Perjuangan Penjual Cilor Rp1.000: Kisah Pilu Diusir Kontrakan hingga Tidur di Jalan, Viral di Media Sosial
Di tengah gemerlap Ibu Kota yang identik dengan pusat bisnis dan gaya hidup modern, masih banyak warga yang harus bergelut dengan kerasnya kehidupan untuk sekadar bertahan hidup. Salah satu kisah yang viral dan menuai simpati publik adalah perjuangan Dadang (45), seorang penjual cilor (aci telur) keliling asal Garut, Jawa Barat. Kisah pilu pria yang sempat diusir dari tempat tinggalnya dan terpaksa tidur di emperan toko maupun pinggir jalan ini berhasil menyentuh hati warganet setelah diangkat oleh media pada akhir Agustus 2026.

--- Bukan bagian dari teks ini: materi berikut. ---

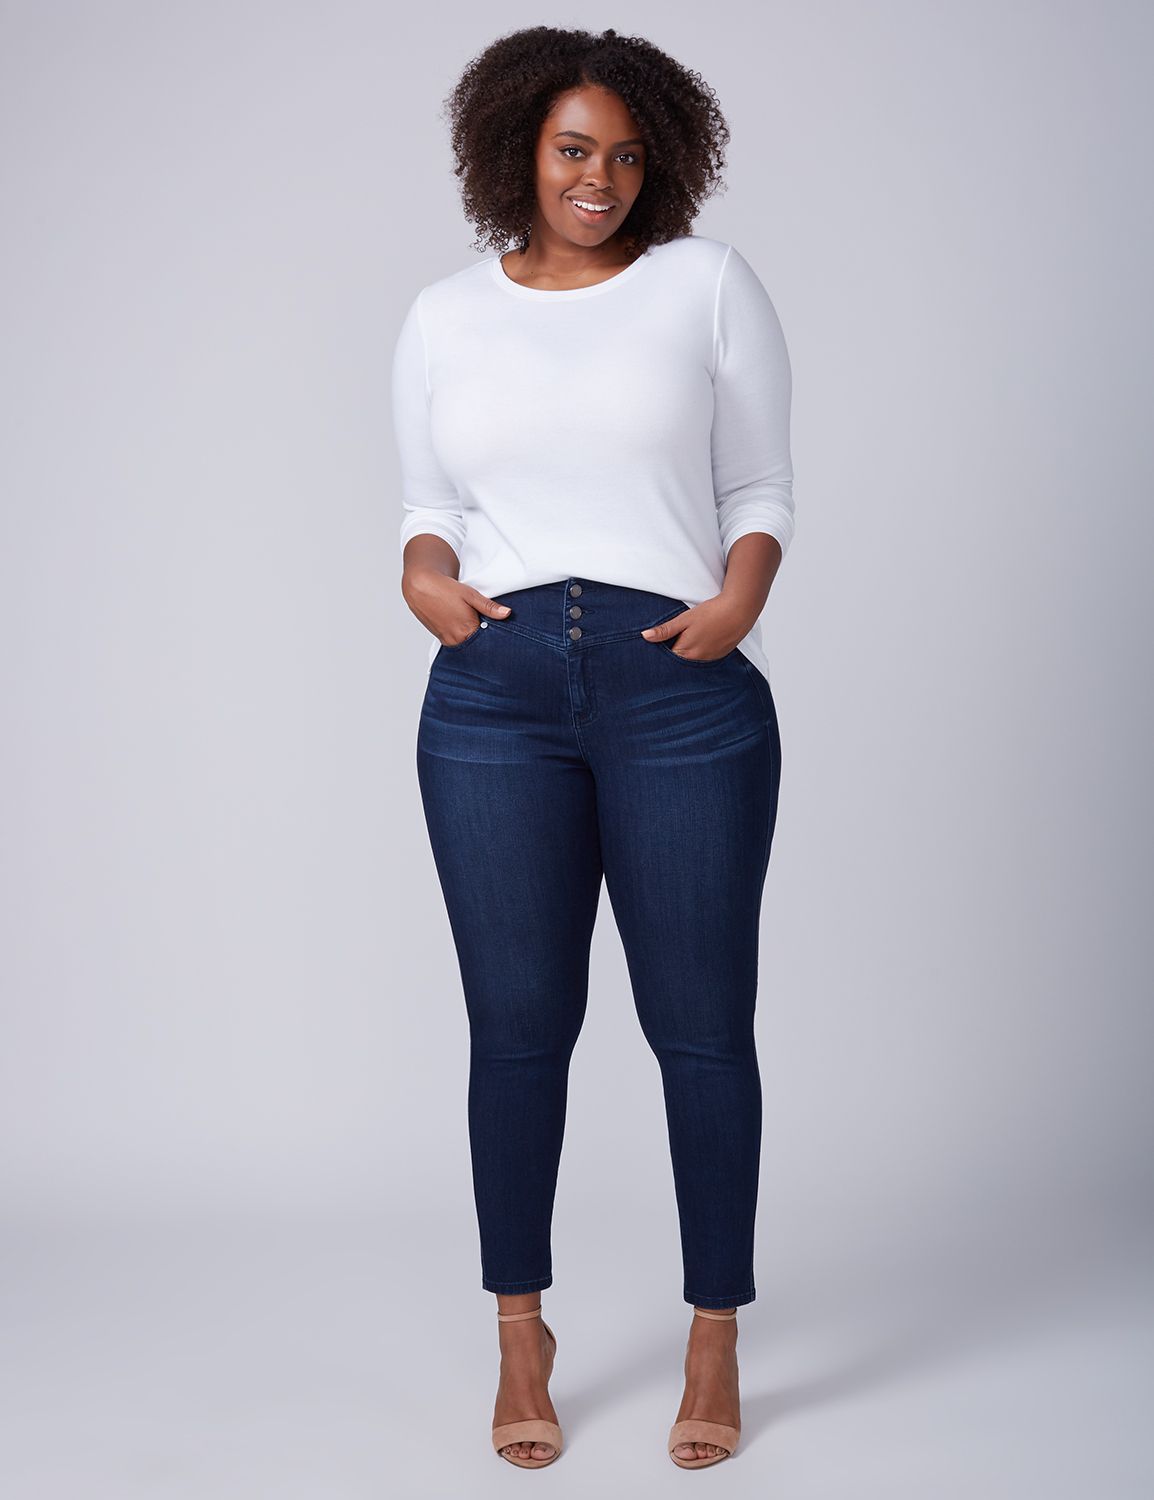 Plus Size Jeans | Styles Including Skinny, Bootcut And Boyfriend Jeans ...
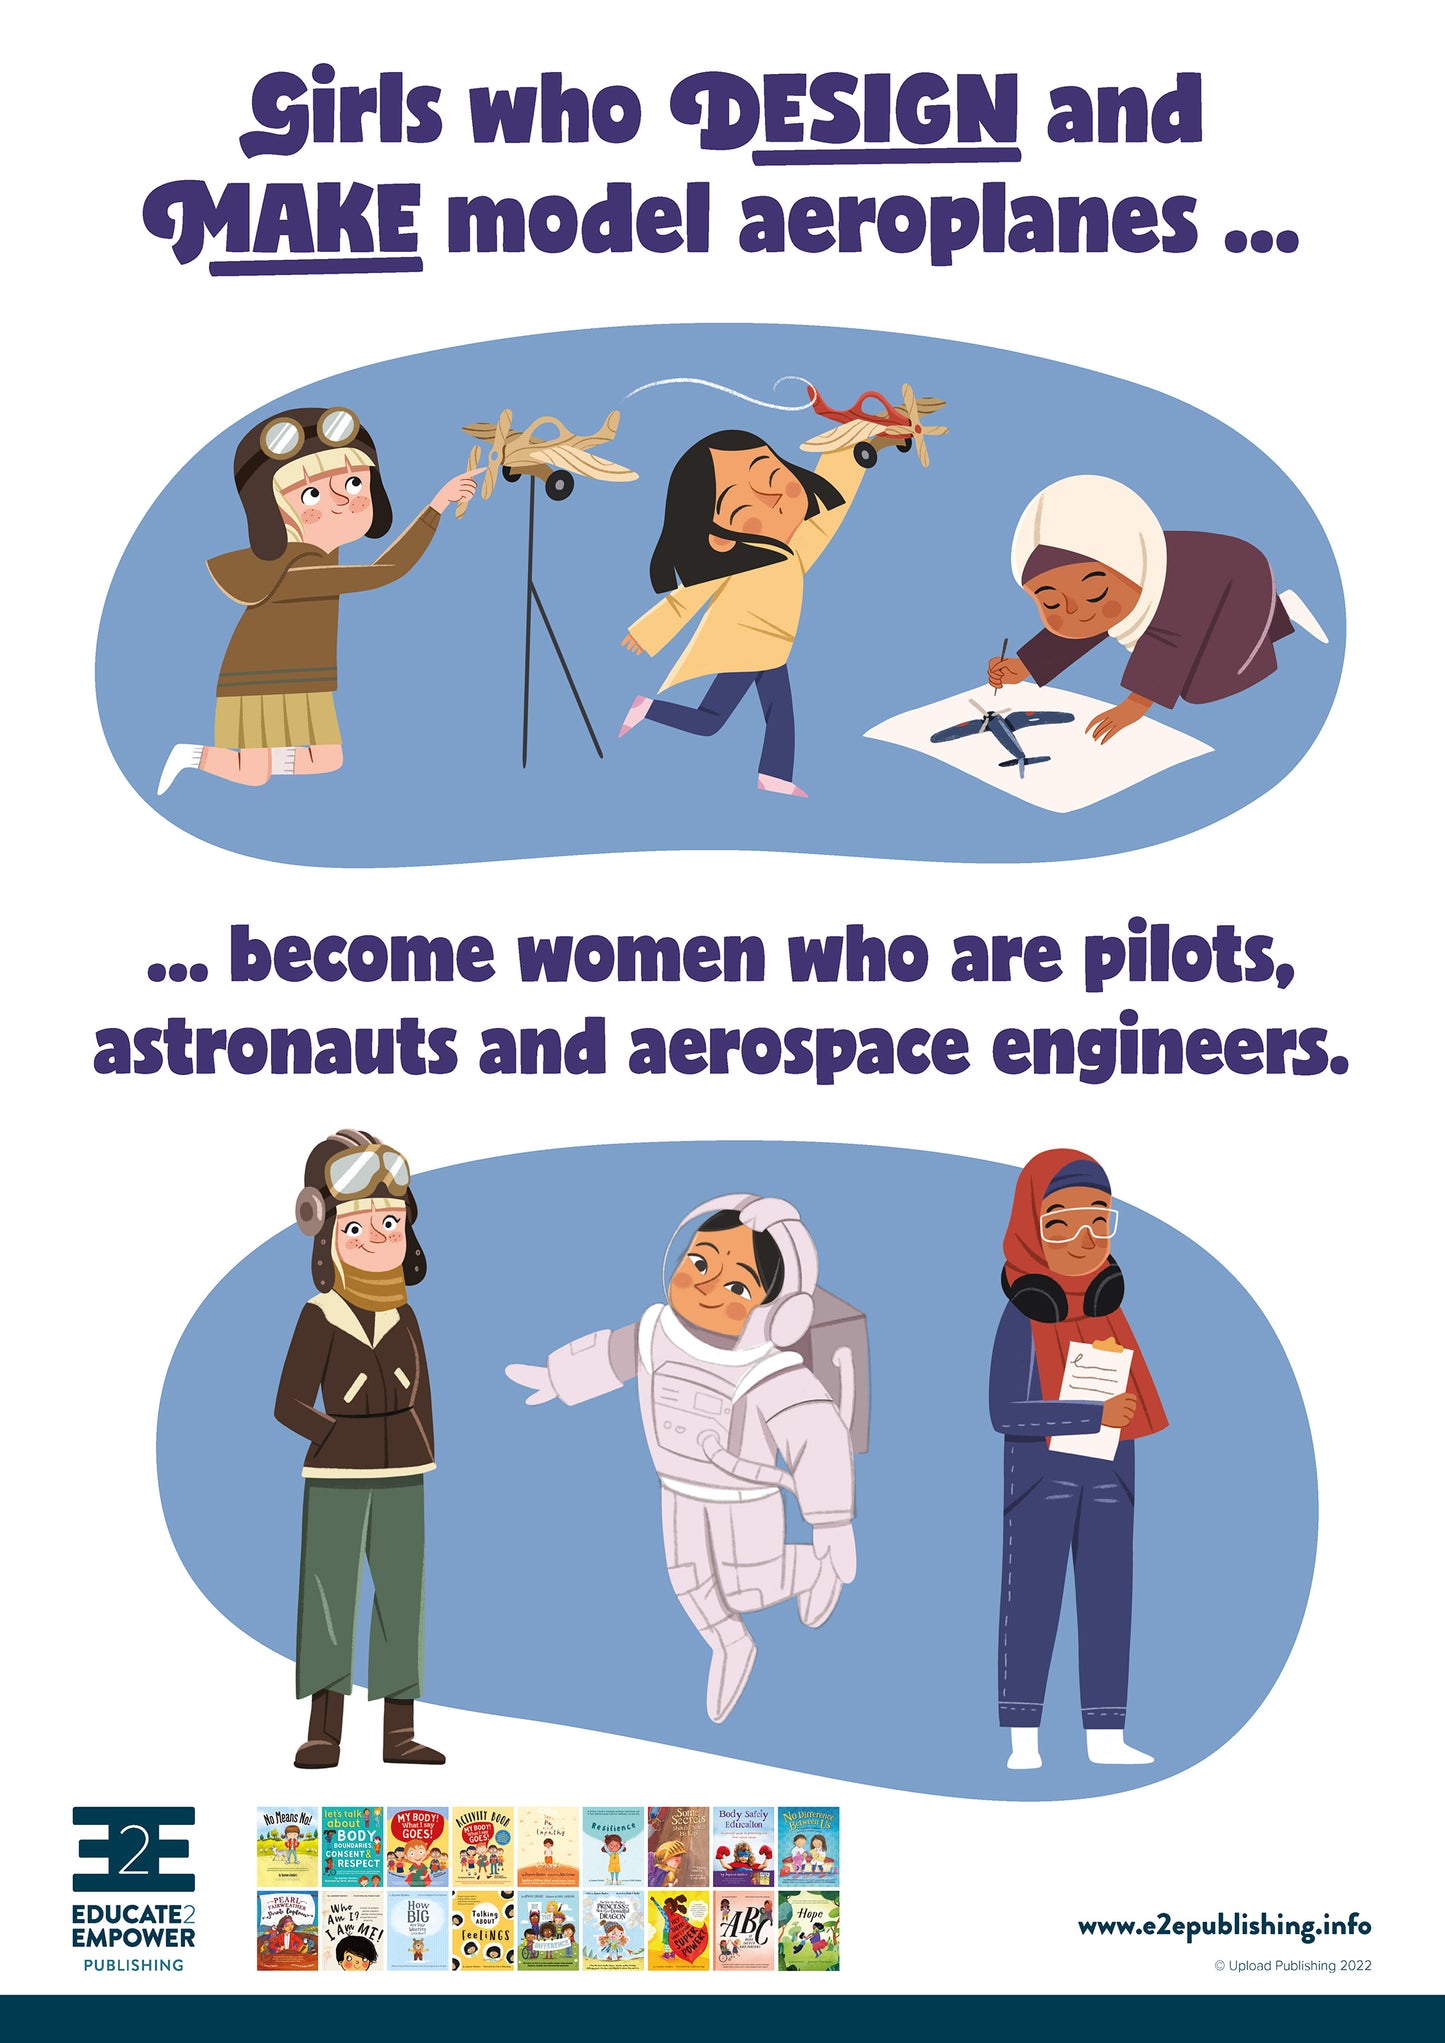 A poster for children titled 'Girls who design and make model aeroplanes... become women who are pilots, astronauts and aerospace engineers. This is accompanied by a cartoon image of three young girls drawing, making a playing with model aeroplanes and below this the same girls as adults working in aeronautical occupations.

Dadang, yang sehari-hari berjualan cilor menggunakan gerobak kecil di kawasan Cibubur, Jakarta Timur, mengisahkan perjalanan hidupnya yang penuh liku. Dalam wawancara dengan detikFood pada akhir Agustus lalu, ia mengaku sudah merantau ke Jakarta sejak belasan tahun silam. Berbagai pekerjaan pernah ia lakoni, mulai dari kuli bangunan hingga buruh pabrik, sebelum akhirnya memutuskan untuk berjualan cilor dengan harga Rp1.000 per tusuk. “Saya jualan cilor pakai gerobak kecil, harga Rp1.000 per biji,” kata Dadang saat ditemui di sela-sela aktivitasnya berjualan.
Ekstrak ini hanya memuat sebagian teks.